Collected data ->
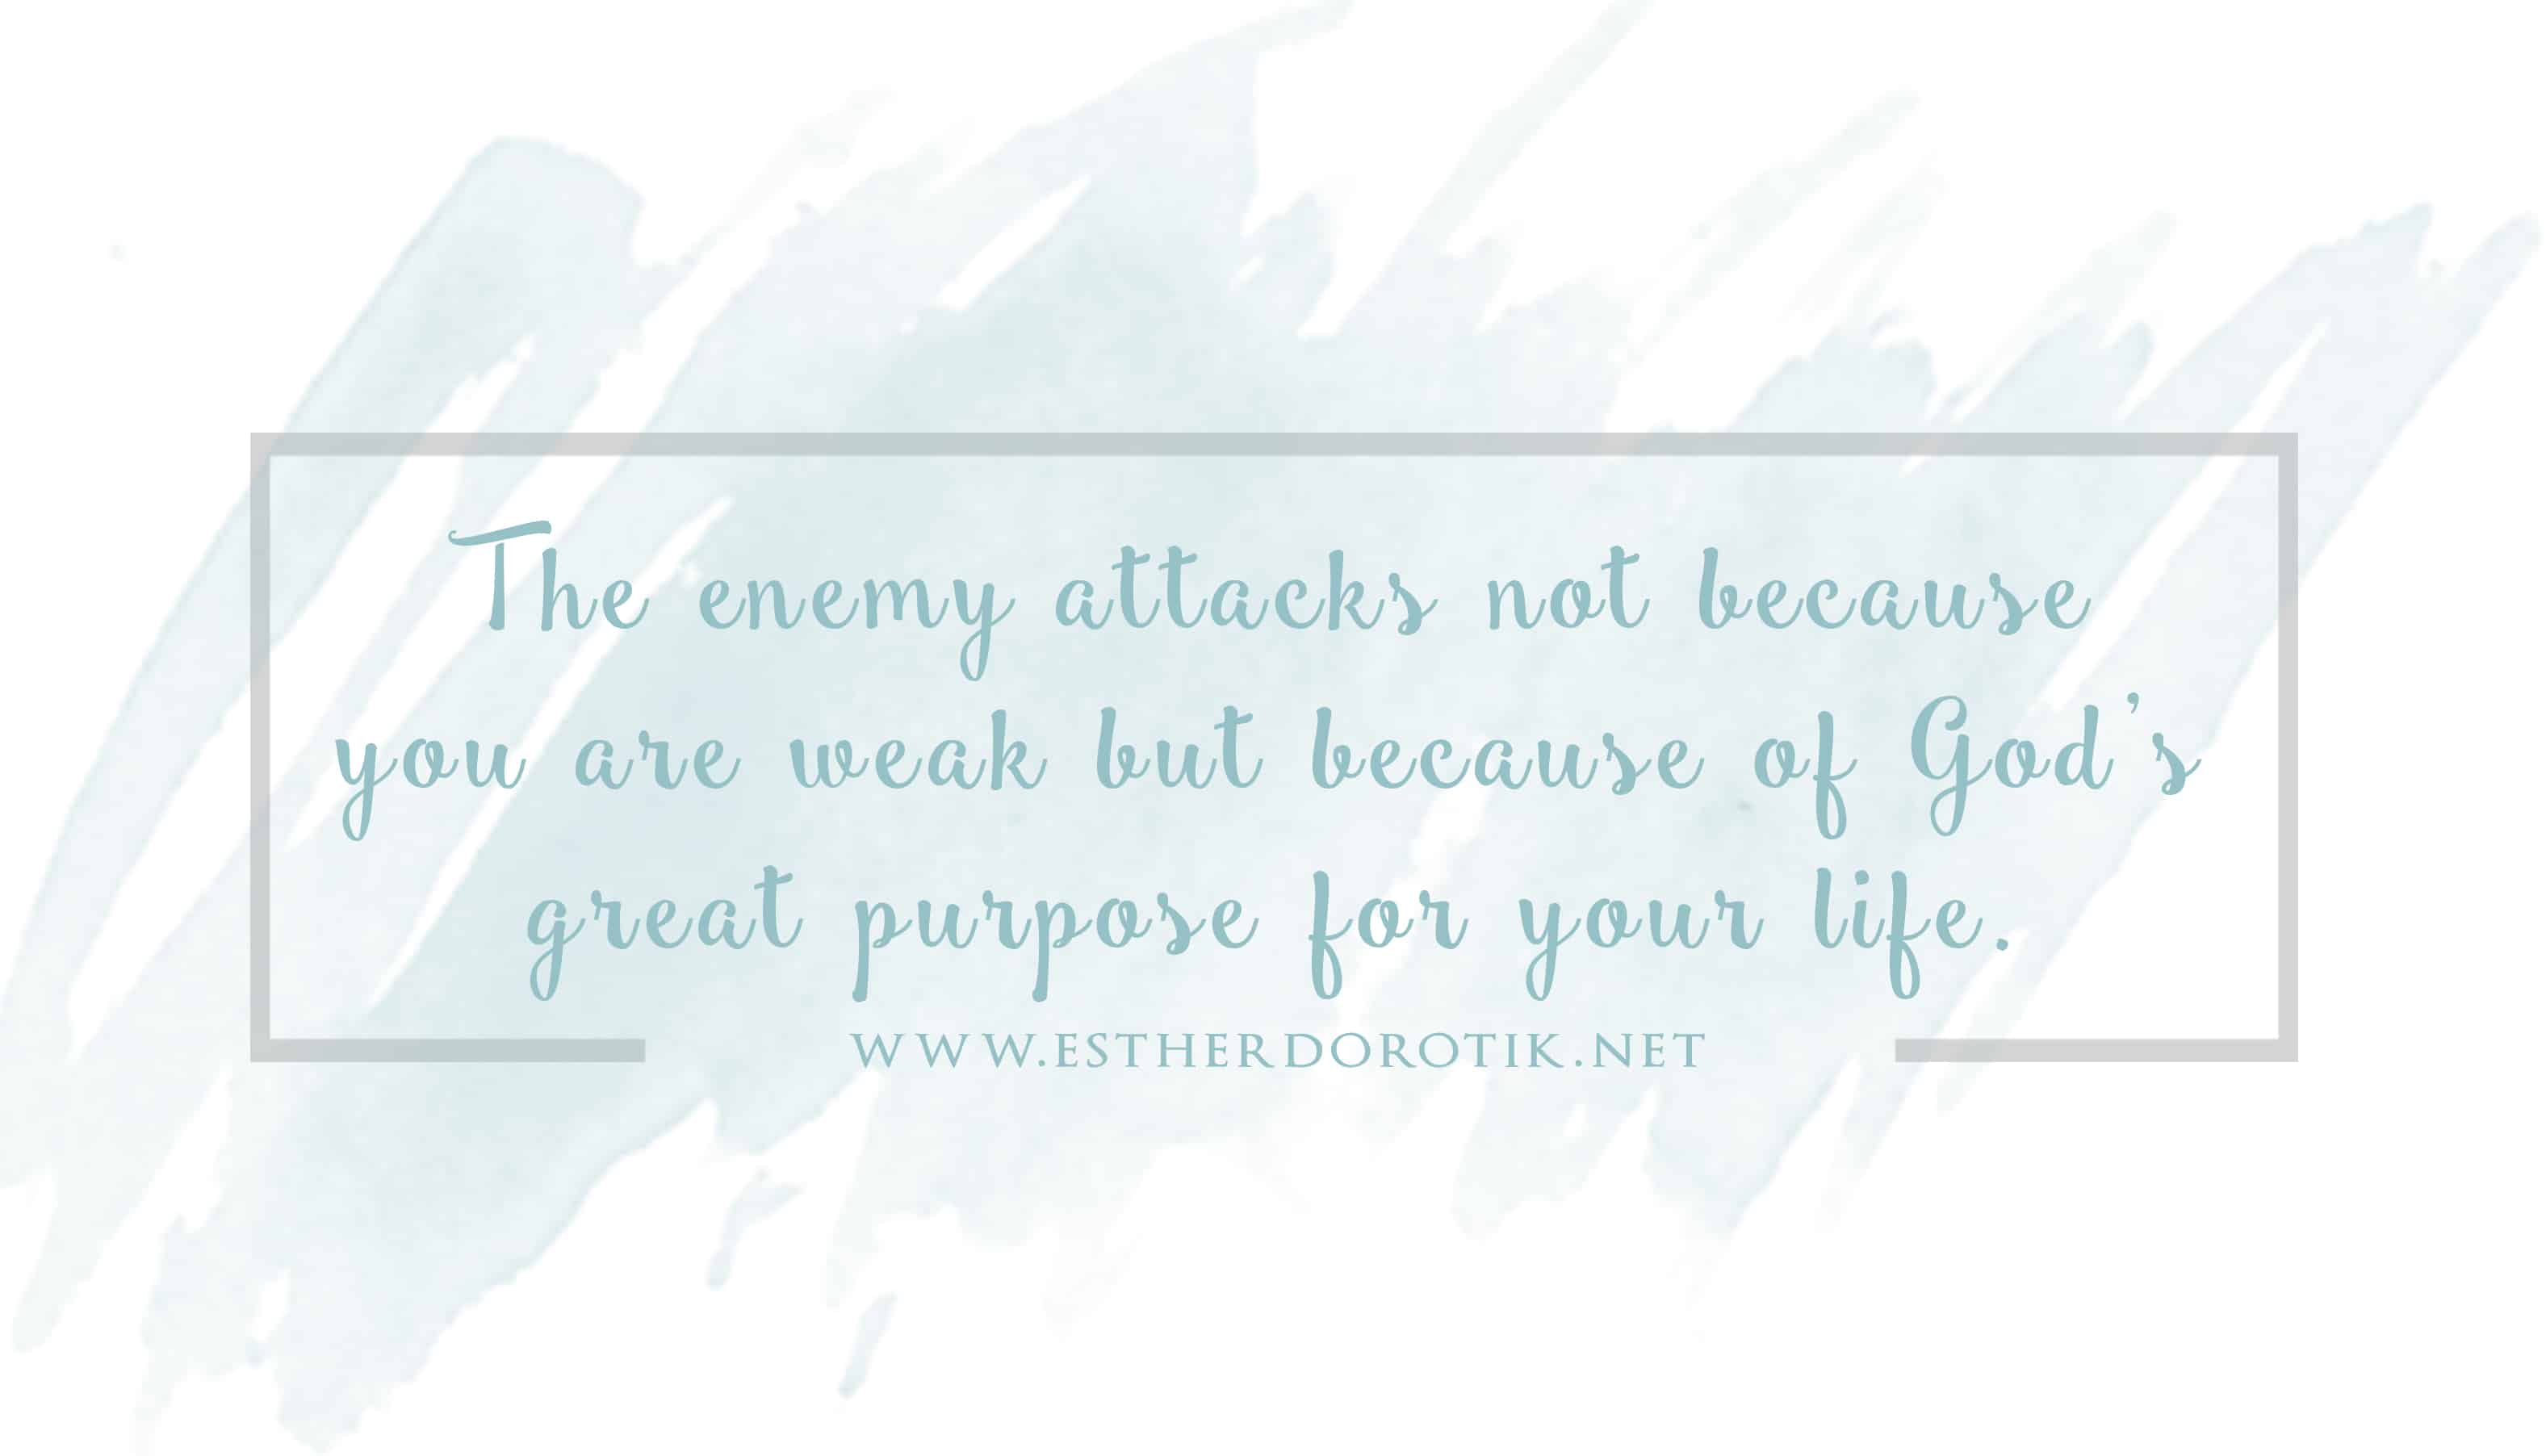 God's-purpose-for-your-life-is-the-first-thing-the-enemy-attacks, God has a great plan for you, if the enemy can't steal your eternity he'll steal your destiny
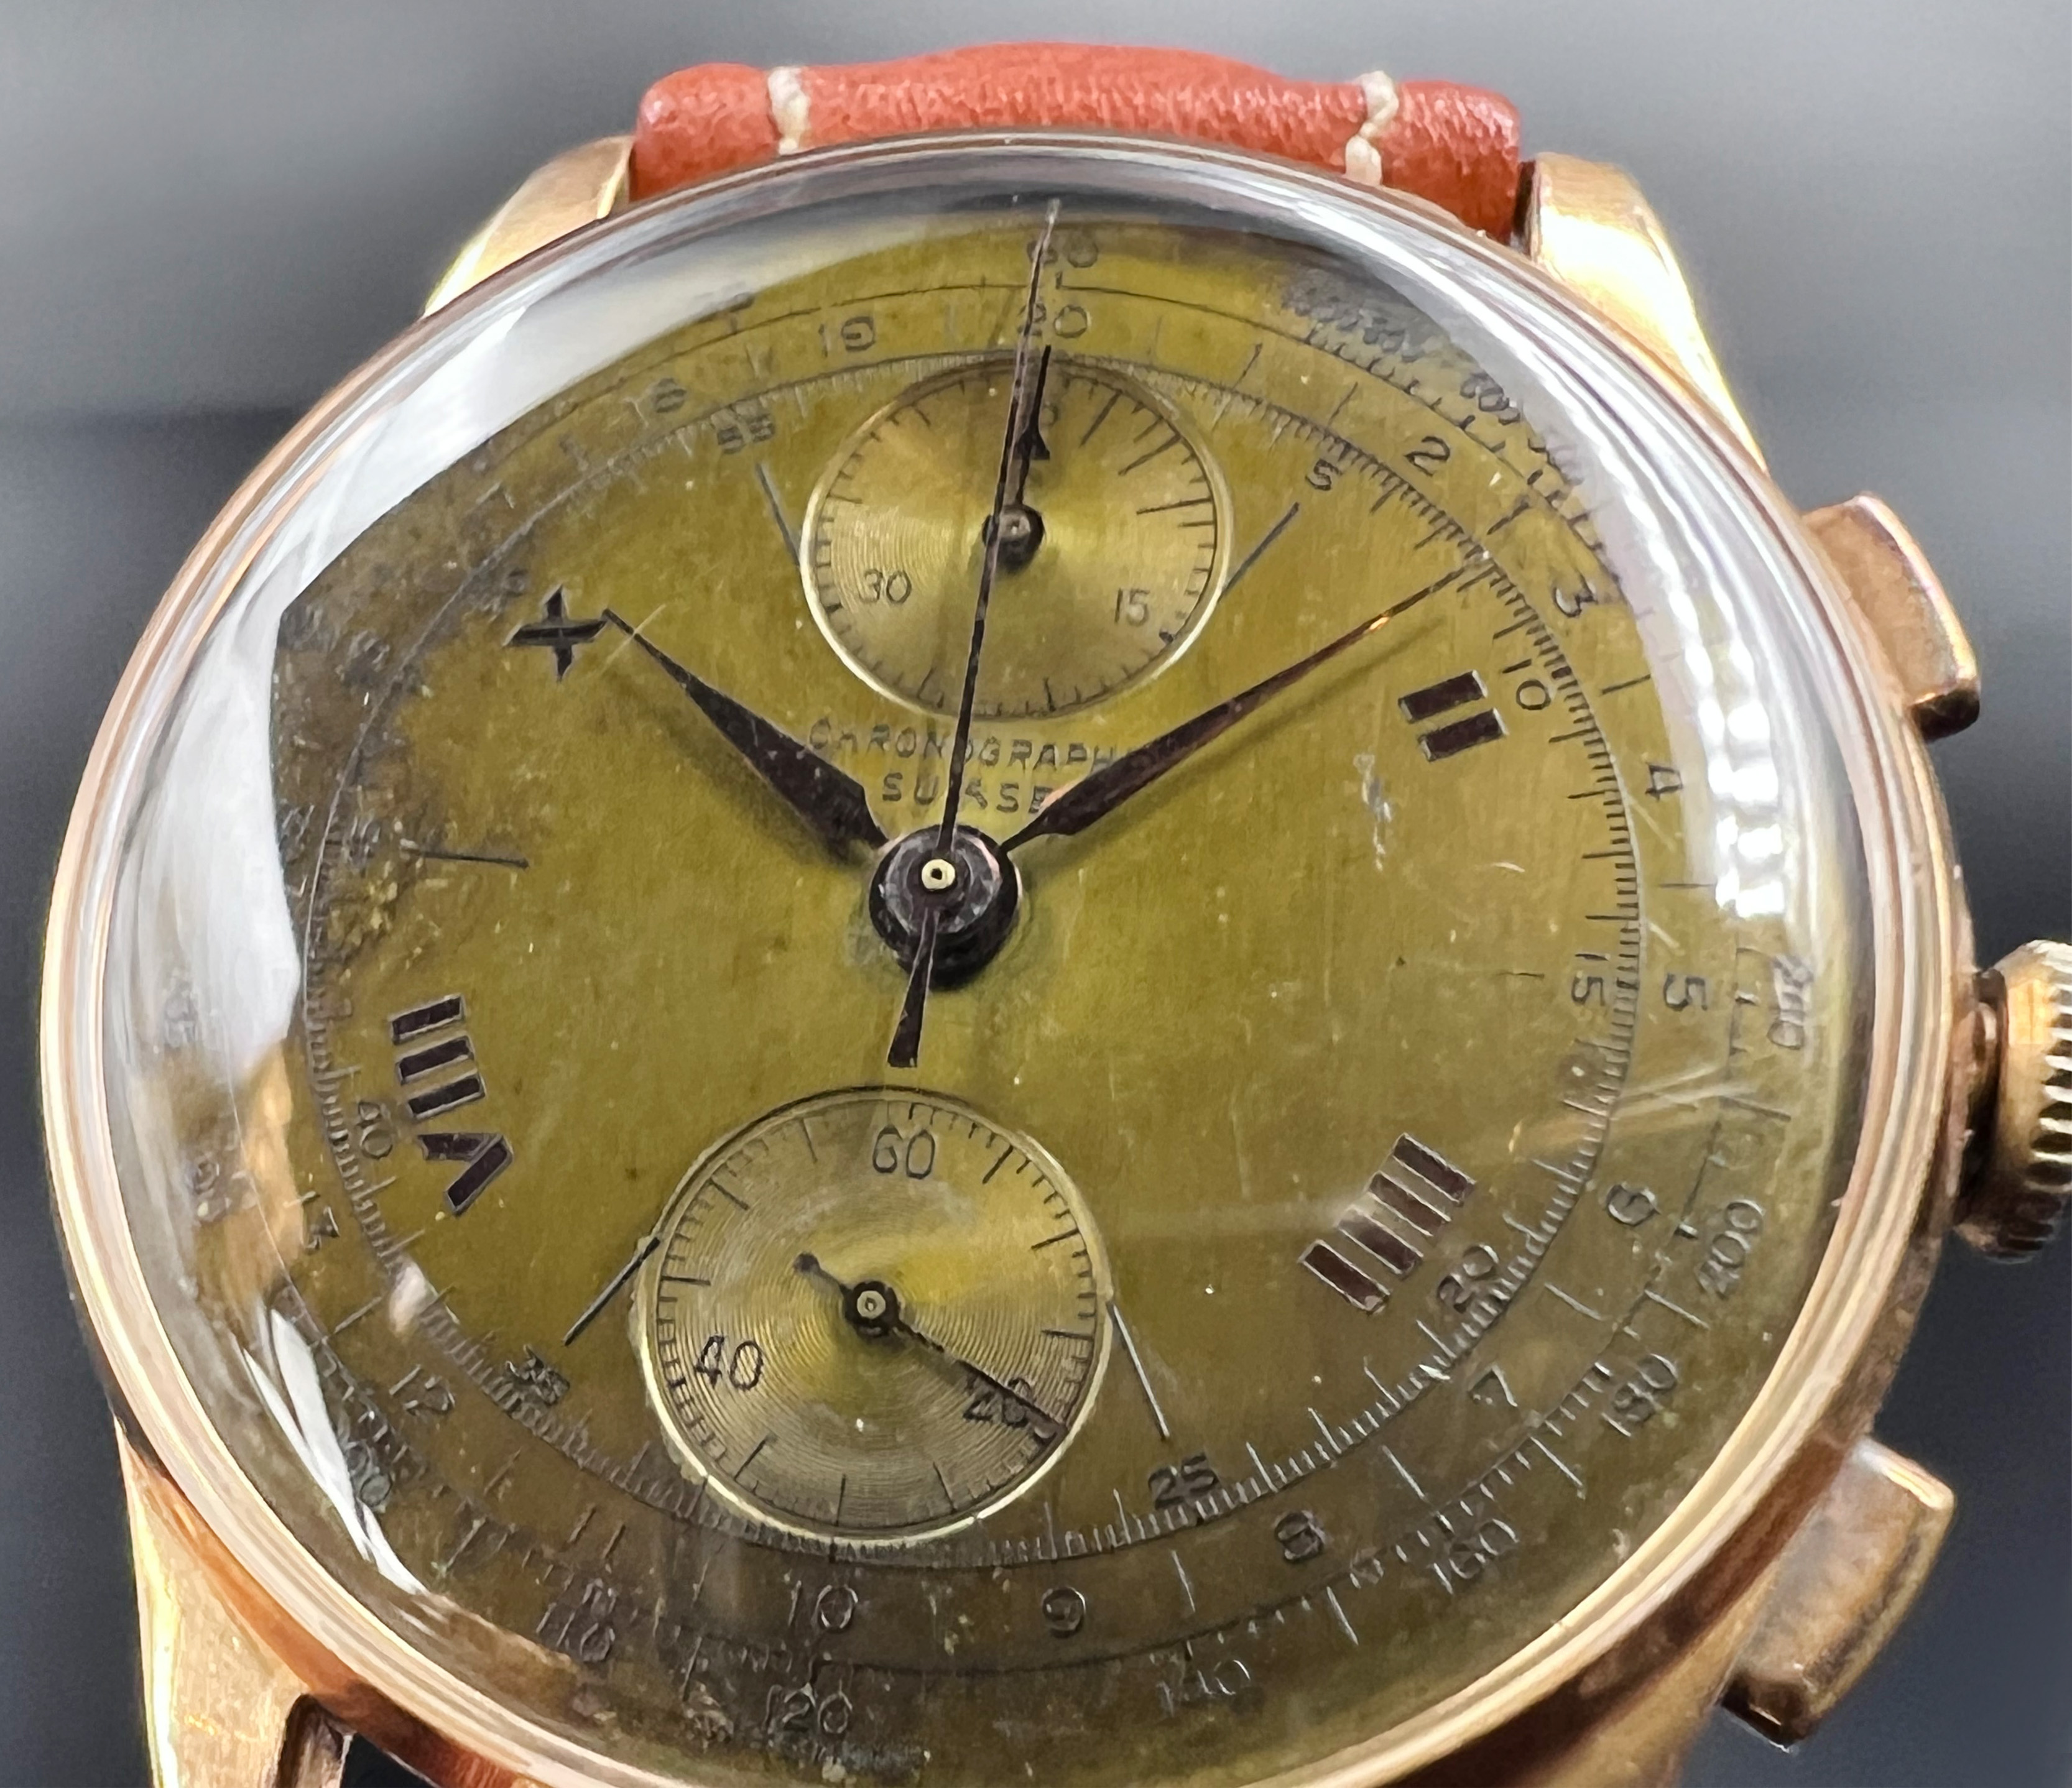 CHRONOGRAPHE SUISSE men's wristwatch. Case partly 750 yellow gold. - Image 2 of 5
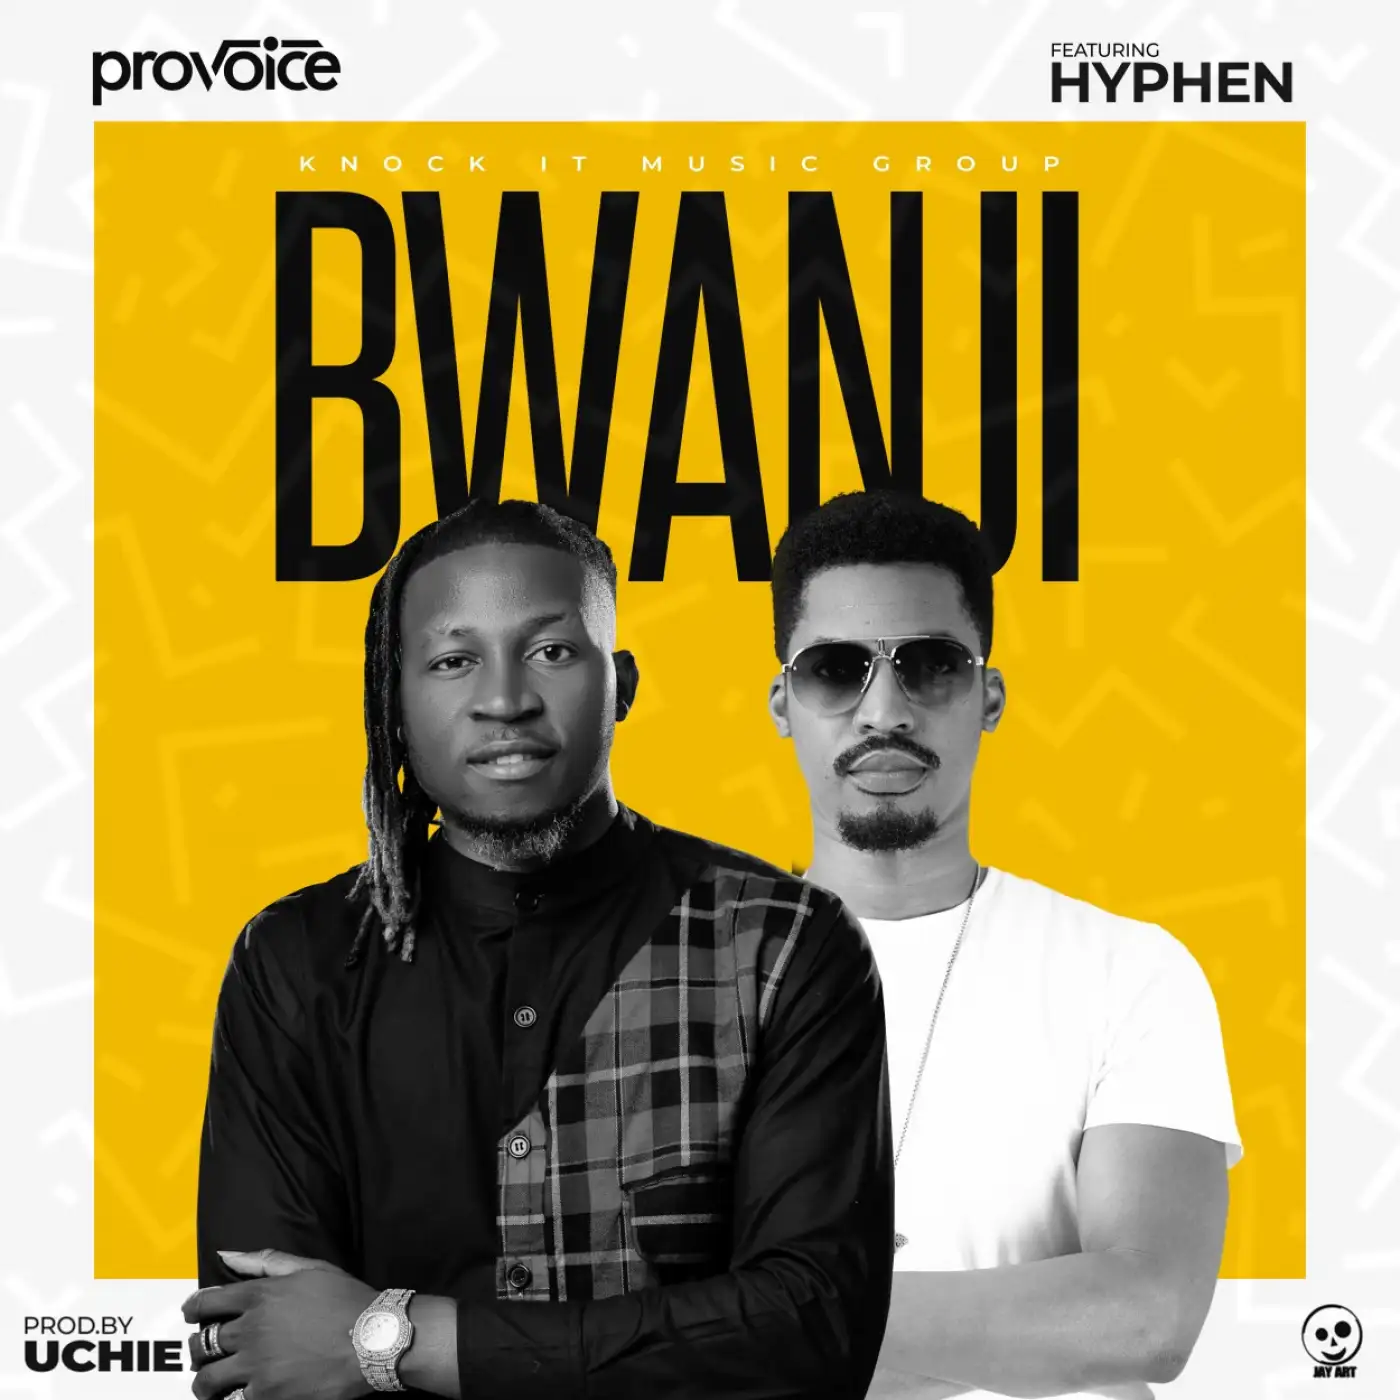 Provoice-Provoice - Bwanji ft Hyphen (Prod. Uchie)-song artwork cover

Exercise objective -> Make a word-for-word repeat of the material, skipping all pictures.

Solution for this exercise ->
 God's-purpose-for-your-life-is-the-first-thing-the-enemy-attacks, God has a great plan for you, if the enemy can't steal your eternity he'll steal your destiny
 CHRONOGRAPHE SUISSE men's wristwatch. Case partly 750 yellow gold. - Image 2 of 5
 Provoice-Provoice - Bwanji ft Hyphen (Prod. Uchie)-song artwork cover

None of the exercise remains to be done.